Leegstand kantoren en Duitse fondsen

Er is de laatste maanden veel aandacht geweest in de media over de leegstand van de kantorenmarkt. Er komt zo steeds meer kennis over de achtergronden en mechanismen die hier spelen. Deze week publiceerde de Volkskrant een eigen onderzoek waarin de leegstaande panden op volgorde van grootte op een rij werden gezet met vermelding van hun eigenaren. Zoals we al wisten stond het kantoor van KPMG in Amstelveen op een hoge tweede plaats met als eigenaar een Duitse belegger.

We snappen nu ook beter waarom leegstaande kantoren niet (sneller) worden afgewaardeerd op de balansen van hun eigenaren. Veel kantoren zijn gekocht met geleend geld en afwaardering zou betekenen dat de lener geld moet bijstorten omdat het onderpand voor de lening niet meer volstaat. En als dat geld er niet is kan dat betekenen faillissement voor bijvoorbeeld de vastgoedontwikkelaar (als lener).
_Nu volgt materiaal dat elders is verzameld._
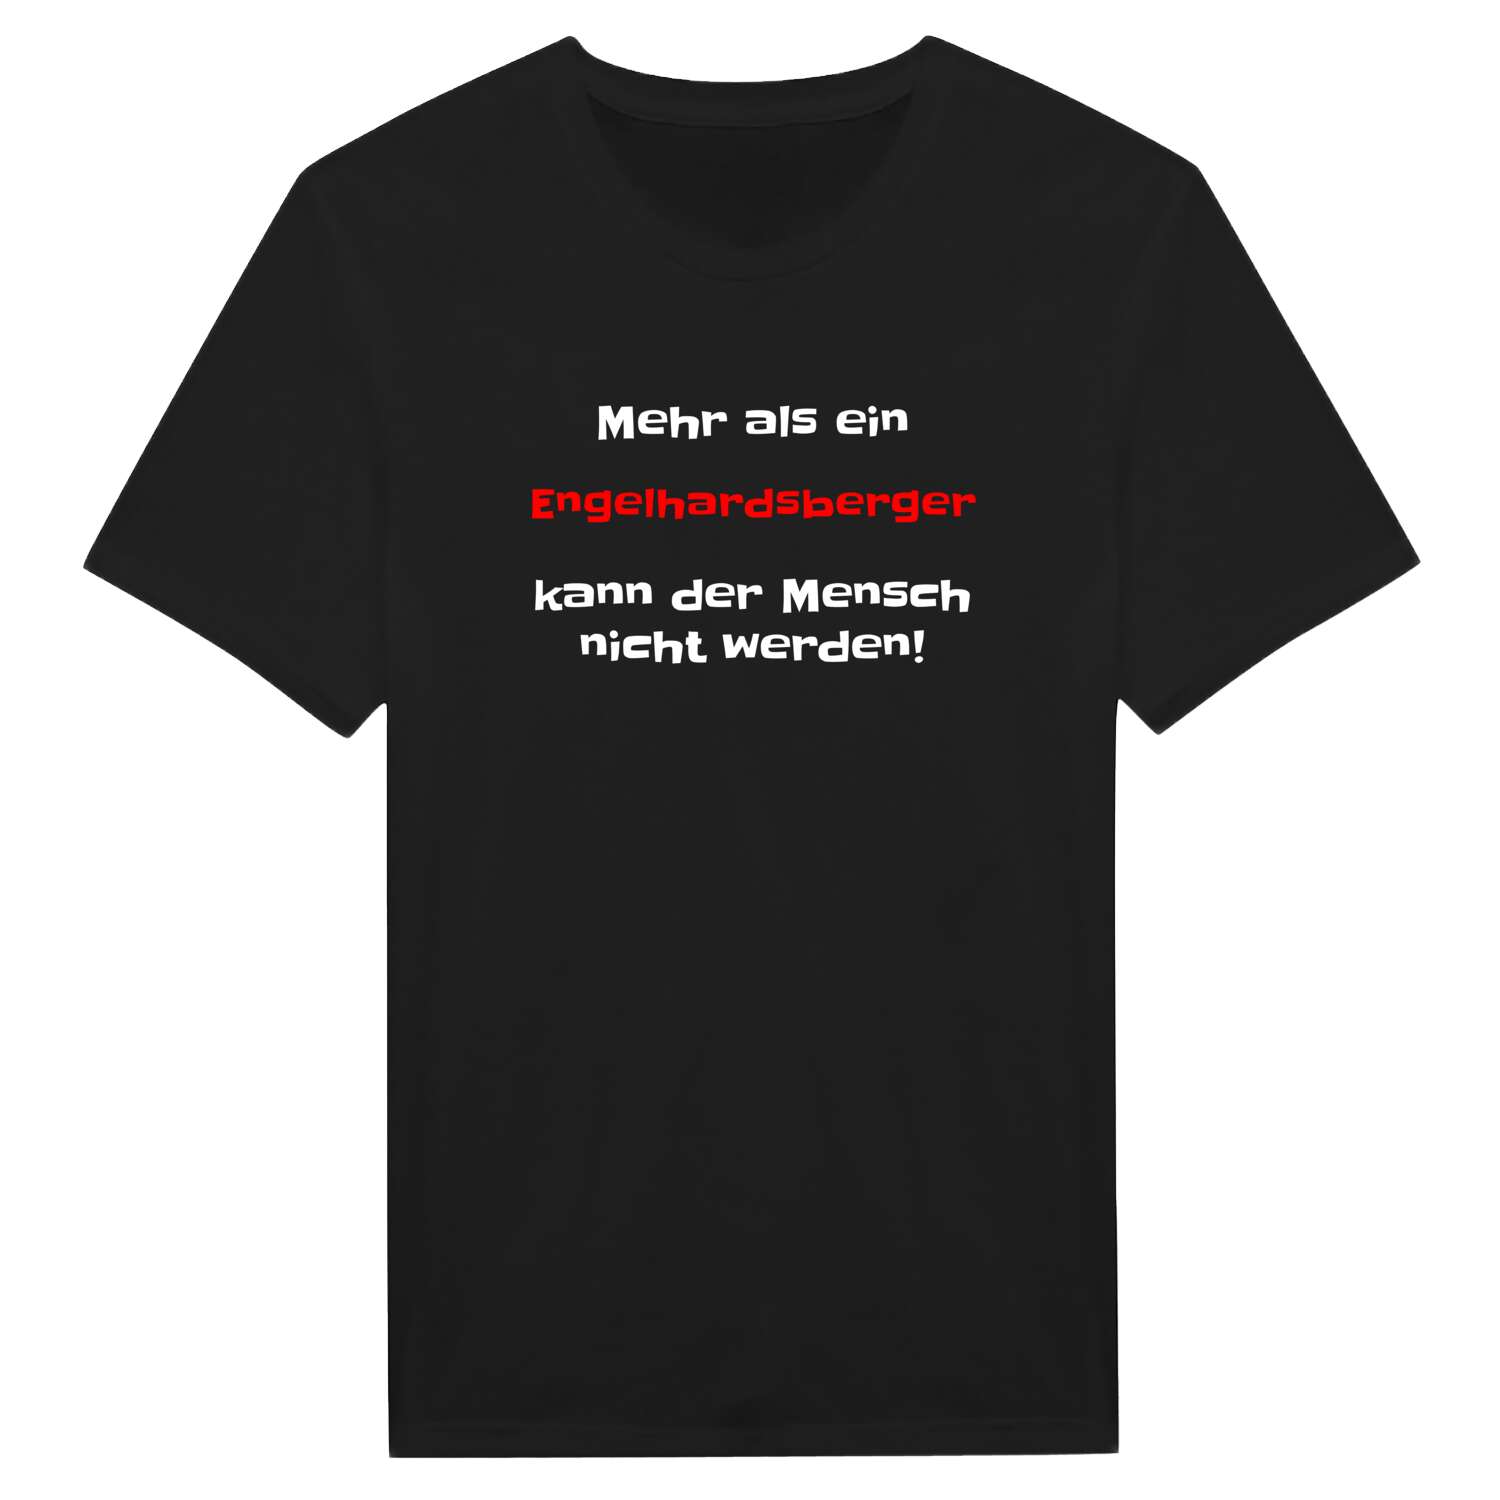 Engelhardsberg T-Shirt »Mehr als ein«

Alles wijst er op dat de druk om toch af te moeten waarderen toeneemt waardoor ook banken en pensioenfondsen nog wat voor hun kiezen gaan krijgen.

Bijzonder hierbij is de situatie van Duitse (pensioen-) fondsen op de Nederlandse markt. Uit genoemd onderzoek van de Volkskrant blijkt dat Duitse fondsen ongeveer 25% van de leegstaande kantoorpanden in bezit hebben. Wat ik in ieder geval niet wist is dat Duitse fondsen een zogenaamd open karakter hebben. Dat betekent dat inleggers/investeerders binnen randvoorwaarden hun geld kunnen opeisen. Het besef van de niet reële balanswaarde begint bij de Duitser door te dringen en het vertrouwen in vastgoedbeleggingen is sterk gedaald. Om aan geld te komen dat de inleggers nu opeisen (noem het een ‘bankrun’) moeten de fondsen nu gedwongen hun vastgoed verkopen.

De fondsen mogen uitbetaling twee jaar opschorten en ook is de verkoopprijs in fasen aan een bepaald minimum gebonden, maar hoe dan ook is het een kwestie van tijd voordat de panden versneld in de verkoop komen. De gevolgen laten zich raden: een verdere prijsdaling van vastgoed (en bijbehorende huren). Daar staat tegenover dat dalende huren deels een oplossing kunnen zijn juist voor de gewraakte leegstand. Nederlandse fondsen worden minder onder druk gezet omdat veel van onze fondsen geen ‘open’ karakter hebben (inleggers kunnen hun geld niet opeisen).